Keywords: functional programming, function composition, higher order functions, quotation and dequotation of programs, combinators.

Joy programs denote functions which take *state*s as arguments
and as values. Programs are built from atomic programs which also
denote functions which take states as arguments and as values.
The meaning of compound programs has to be given in terms of the
meanings of atomic programs. It is useful to classify atomic programs
into categories depending on what kind of function they denote. A
coarse classification distinguishes just three, called 1) the
*literal*s, 2) the *operator*s and 3) the
*combinator*s.

Firstly, the *literal* atomic programs are those which look
like constants in conventional languages. They comprise literal
numbers (or, more correctly, numerals) such as integers, and other
literals of type character, string, truth value and set. Literals do
not denote numbers, characters, strings and so on, but they denote
functions which take one state as argument and yield as value another
state which is like the argument state except that the value of the
literal has been pushed onto the stack component.

Secondly, the *operator* atoms are those which look like *
n*-ary operators in other languages. They include the operations
such as for addition and the other arithmetical operations, and for
the various operations on other types. Like all programs, operators
denote functions from states to states, but the functions are not
defined on all states. An * n*-ary operator (such as the
binary addition operator) denotes a function which is defined only on
states whose stack component has * n* items (such as two
integers) on top.

The function yields as value another state which is like the argument
state except that the * n* items on the stack have been
replaced by the result (such as the sum).

Also included as operators are those atoms denoting mere structural
functions of the stack component such as `dup`

,
`swap`

and `pop`

, and those that involve input and
output such as `get`

and `put`

.

Thirdly, the *combinator* atoms are like operators in that they
require the top of the stack to contain certain items. But unlike
operators, they do not treat these items as passive data. Instead
they execute these items - and hence those items must be quoted
programs. So, combinators also denote functions which are defined
only on states having the appropriate number of quoted programs on top
of the stack. They yield as values another state which depends on the
argument state, including the quoted programs, and on the combinator
itself.

Literals, operators and combinators can be concatenated to form
*program*s. These may then be enclosed in square brackets to
form literal *quotation*s. Such literals are not atomic, but
if they occur in a program they are treated just like other literals:
they cause the quoted program to be pushed onto the stack. So,
literal quotations denote functions which take any stack as argument
and yield as value another stack which is like the argument stack
except that it has the quotation pushed on top. Quotations on top of
the stack can be treated like other values, they can be manipulated,
taken apart and combined, but they can also be executed by
combinators. If a quotation contains only literals, then it is a
value of the *list type*. The component literals do not have
to be of the same type, and they may include further quotations. If a
list is executed by a combinator, then its components are pushed onto
the stack.

The remainder of this paper is organised as follows: The next section describes the principal types of Joy and their literals.

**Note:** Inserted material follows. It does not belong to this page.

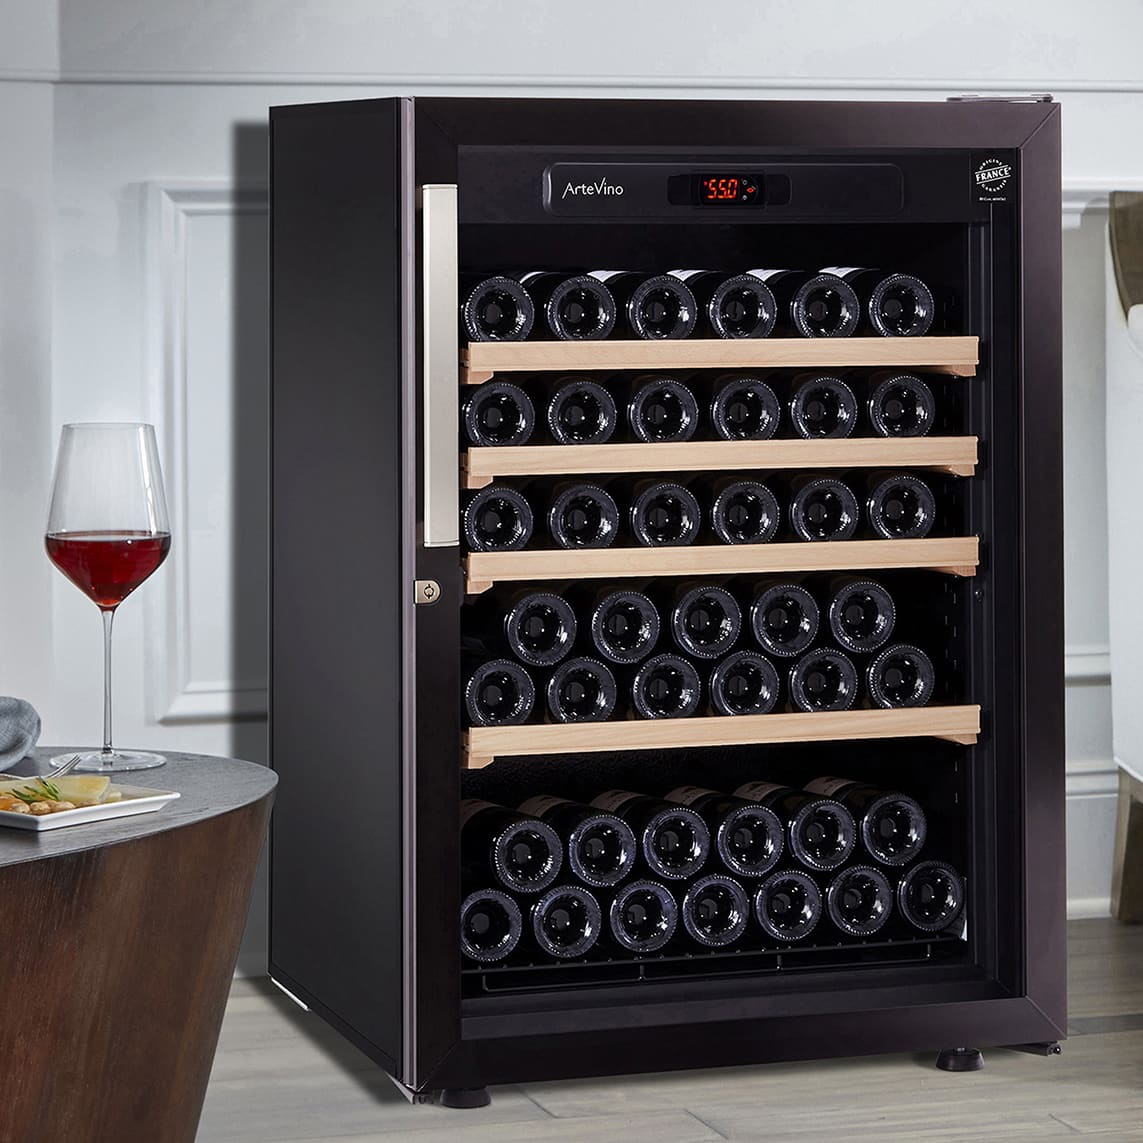 Wine Chiller - Keep It Cool

Following that are four sections on operators, the general ones applicable to all types, then those applicable to simple types such as integers, characters and truth values, then those applicable to aggregate types such as strings, sets and lists, and finally the predicates which return truth values. The following three sections deal with combinators, first those that are independent of any typing, then those specialised to simple types, and finally those specialised to aggregate types.

Some atoms can be applied to any stack and their effect is to push
something on the stack. The items that can be pushed are of various
types. There are *simple type*s such as integers, characters
and truth values. There are also *aggregate type*s such as
strings, sets and quoted programs. Atomic programs which push a
simple or aggregate value onto the stack will be called
*literal*s. A different kind of atom can be applied only to a
non-empty stack. Their effect is to re-organise the top few elements
of the stack.

Some, like `dup`, `swap` and `pop`, just
edit the top few elements. Others expect the top few elements to be
of certain types and their effect is to replace these elements by the
result of applying a function to them as arguments. These include the
arithmetic and relational operators for addition, multiplication and
comparisons, and the truthfunctional operators. They also include
list operations like concatenation. Collectively all of them will be
called *operator*s. A third kind of atoms expect quoted
programs on the top of the stack. Like the operators, they pop the
quoted programs off the stack. But they do not treat them as passive
data structures in the way operators do. Instead they cause the
quoted programs to be executed. These are called
*combinator*s.

After this rough exposition of the classification it is important to suppress any procedural reading and to revert to the official interpretation of Joy programs as denoting unary functions. So the three classes of atoms, namely literals, operators and combinators, all denote unary functions from and to states which include a stack as a principal component. The remainder of this section will deal with literals.

First, the literals of the *integer type*.
The following is the offical semantics of those atoms
that look like numerals:

A digit string such as "The semantics for the`123`

" denotes not anumberbut afunctionfrom states to states. For any state S1 as argument this function yields as its value another state S2 which is like S1 except that its stack component has an additional item, thenumber123 pushed onto it.

`true`

or `false`

has been pushed onto the stack. Literals of the
`'A`

denotes a function taking any
state into another state with that character pushed onto the stack.
The three types of truth values, characters and integers constitute what will be called simple types. They are simple in that their values do not have parts. There are also aggregate types which do have parts. The parts can be extracted by suitable operators and the aggregates can be constructed from their parts. Joy has three different aggregate types: sets of small numbers, strings of characters, and quoted programs, which have lists as a special case.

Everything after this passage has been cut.